Fewer than 30 different analogs of PCP were reported as being used as a street drug during the 1970s and 1980s, mainly in the United States. Only a few of these compounds were widely used, including rolicyclidine (PCPy), eticyclidine (PCE), and tenocyclidine (TCP). Less common analogs include 3-HO-PCP, 3-MeO-PCMo, and 3-MeO-PCP.

The generalized structural motif required for PCP-like activity is derived from structure-activity relationship studies of PCP derivatives. All of these derivatives are likely to share some of their psychoactive effects with PCP itself, although a range of potencies and varying mixtures of anesthetic, dissociative, and stimulant effects are known, depending on the particular drug and its substituents.
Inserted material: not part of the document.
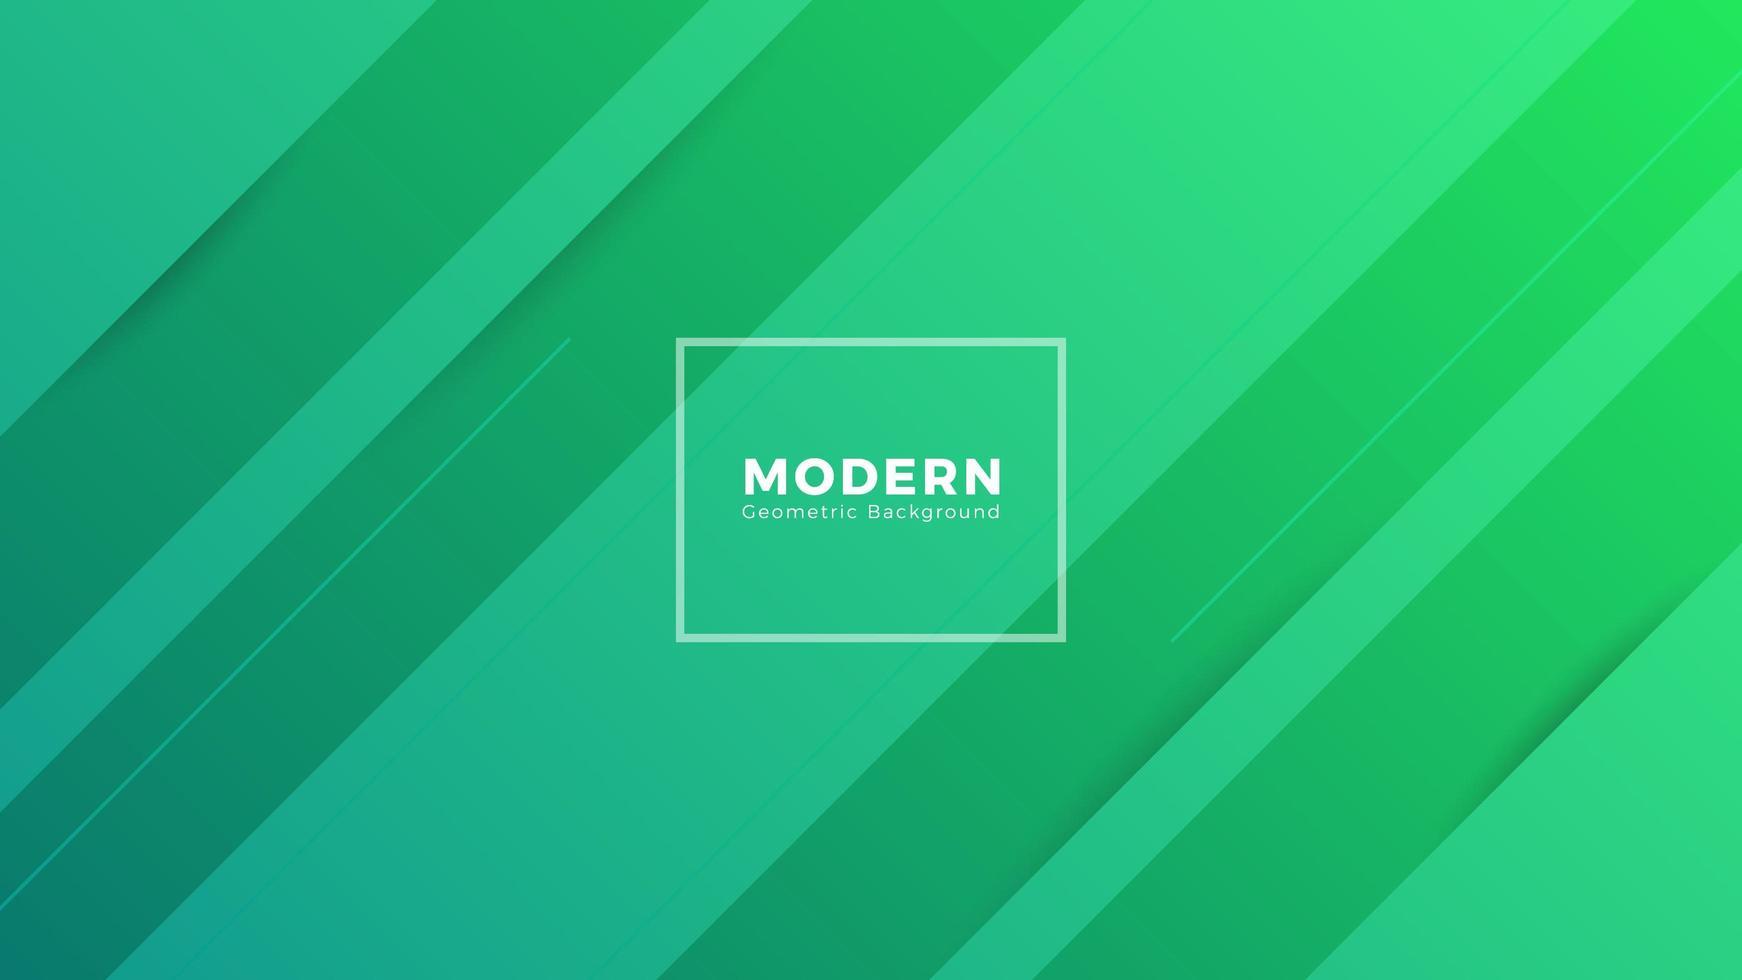 progettazione moderna astratta verde del fondo vettore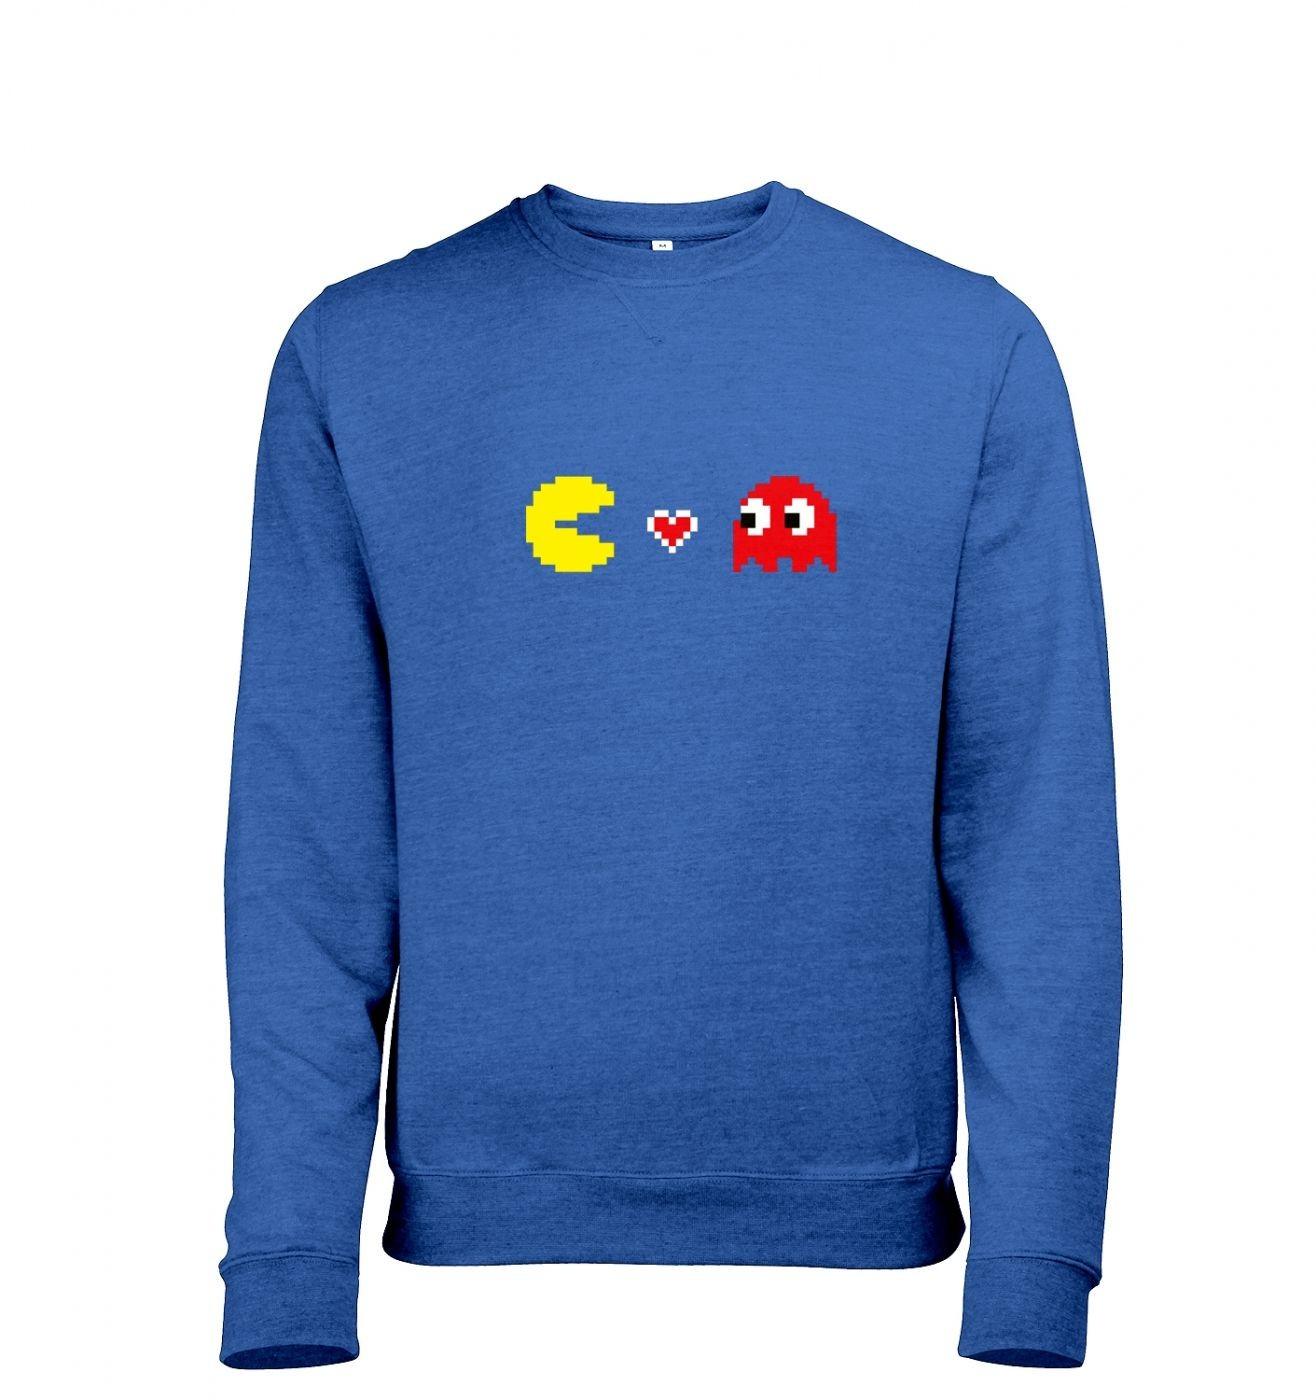 Squid Love Cheese men's heather sweatshirt

In the United States, all of these compounds would be considered controlled substance analogs of PCP under the Federal Analog Act and are hence illegal drugs if sold for human consumption.

==History==
Phencyclidine was initially discovered in 1926 by Arthur Kötz and his student Paul Merkel as a product of a Grignard reaction of 1-piperidinocyclohexancarbonitrile.

It was again synthesized in 1956 by chemist H Victor Maddox and brought to market as an anesthetic medication by pharmaceutical company Parke-Davis, now a subsidiary of Pfizer. Its use in humans was disallowed in the US in 1965 due to the high rates of side effects, while its use in animals was disallowed in 1978. Moreover, ketamine was discovered and was better tolerated as an anesthetic.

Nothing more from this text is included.